Backpacking the Kesugi Ridge Trail – Denali State Park

by Mike Still
Backpacking the Kesugi Ridge Trail – Denali State Park

Summer brings unique Alaskan adventures like putting all your food into bear-safe containers and hiking 30 miles on a ridgeline with a view of Denali.  Some might consider a trip like this to be crazy, but for most Alaskans, it’s simply what you do in the summer.  Elizabeth and I have been looking forward to backpacking the Kesugi Ridge trail for almost as long as we’ve been known each other.  You see, she has hiked this trail multiple times and it was one of the first backpacking trips I heard about when I moved here, but never got a chance to go.  Until this July!

Kesugi Ridge Traverse
Through Hiking Little Coal Creek to Byer’s Lake

We were fortunate enough to spend the night before hiking Kesugi at the Byer’s Lake cabin with our friends Caitlin, Gil, and their adorable kids Eleanor & Oliver.  Even more amazing was how they let us drop our car at Byer’s Lake and shuttle us to Little Coal Creek so we could do the trip as a through-hike.

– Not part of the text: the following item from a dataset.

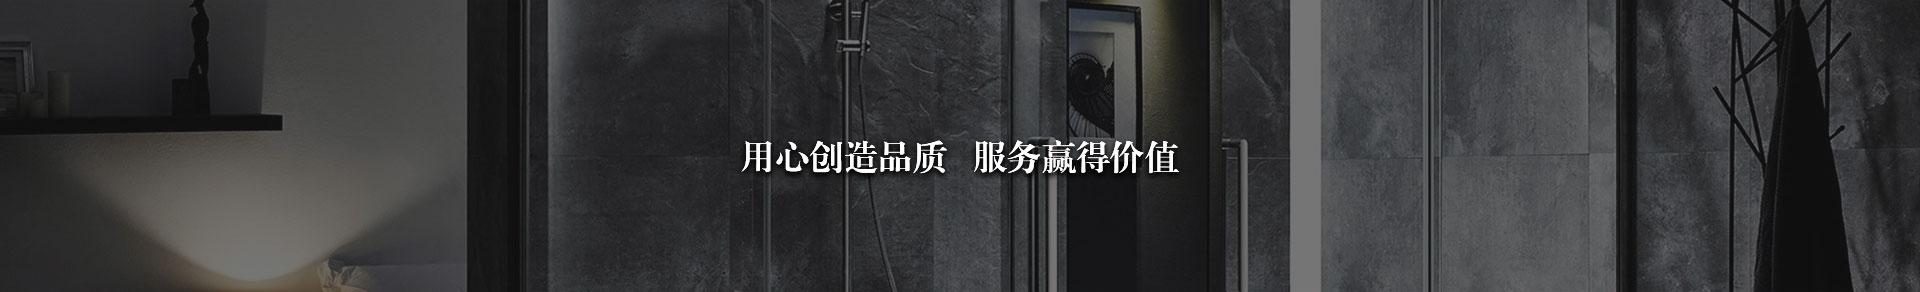 http://www.junlonglunyi.com/data/images/slide/20190701101222_399.jpg
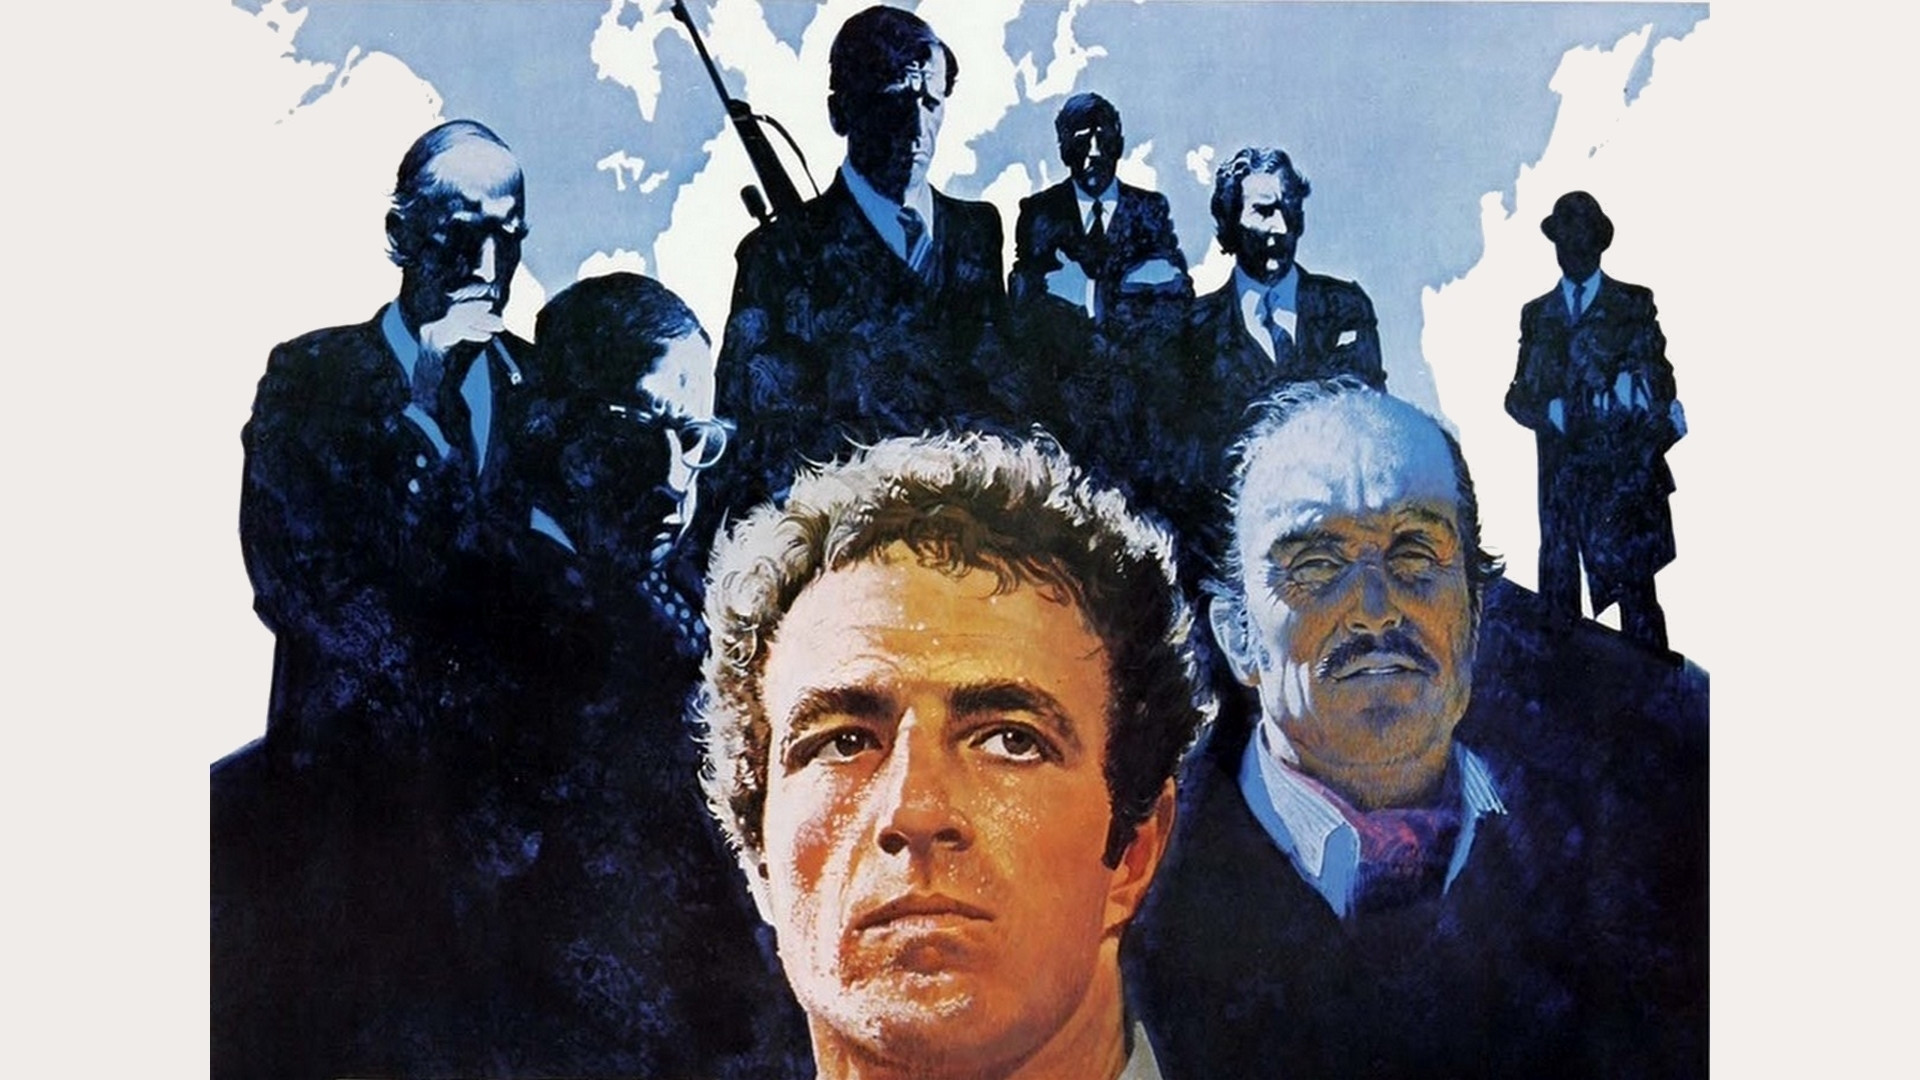 The Killer Elite (1975) – Action, Crime, Thriller

Endurance runners compete to finish Kesugi Ridge in a single marathon, while others camp between one and three nights to complete the journey.  We opted for 2 nights and 3 days of hiking along Kesugi Ridge.  Save this Kesugi Ridge trail map to help plan a trip.  It’s good to know you don’t need any permits and there are plenty of lakes and streams for water access along the entire ridge.  Camping is allowed just about anywhere in Denali State Park.   More info about Denali State Park can be found in their brochure. 

Kesugi Ridge Trail Backpacking Denali State Park

As we embarked on our trip, Eleanor grabbed my hand and ran down the trail when we tried to say farewell to Caitlin and Gil at Little Coal Creek.  She usually only has enough hiking enthusiasm for a short stroll before wanting to be carried but today she insisted on joining us.  Her two-year-old parental defiance didn’t last more than a hundred yards as we laughed along and Gil convinced her to go back to the car.

The sounds of civilization drop off dramatically as you round the bend from the trailhead. Elizabeth and I were quickly absorbed into the forest with a spruce hen and her chicks crossing our path and welcoming us.  Theo bounded up to these ground fowl just before they fluttered away.  The first mile of the trail from Little Coal Creek to Kesugi Ridge was relatively flat and we saw another 3 or 4 spruce hens before coming to a steady incline that would take us up to the ridge.

Tundra covers the hills all around the trail once you pass the tree line.  The Susitna River can be seen behind, carving a natural highway between Kesugi and the Alaska Range.  On a clear day, Denali would tower above everything else but clouds limited our view to Ruth Glacier and Moose’s Tooth as the only standouts we could name.



The nice thing about ridge hikes is that you tend not to have a lot of elevation change once you’re up the ridge.  We spent the afternoon ambling among boulder fields and crossing snowy creeks.  Patches of snow were spread throughout the tundra and Theo took every opportunity to cool off by rolling in white remnants of winter.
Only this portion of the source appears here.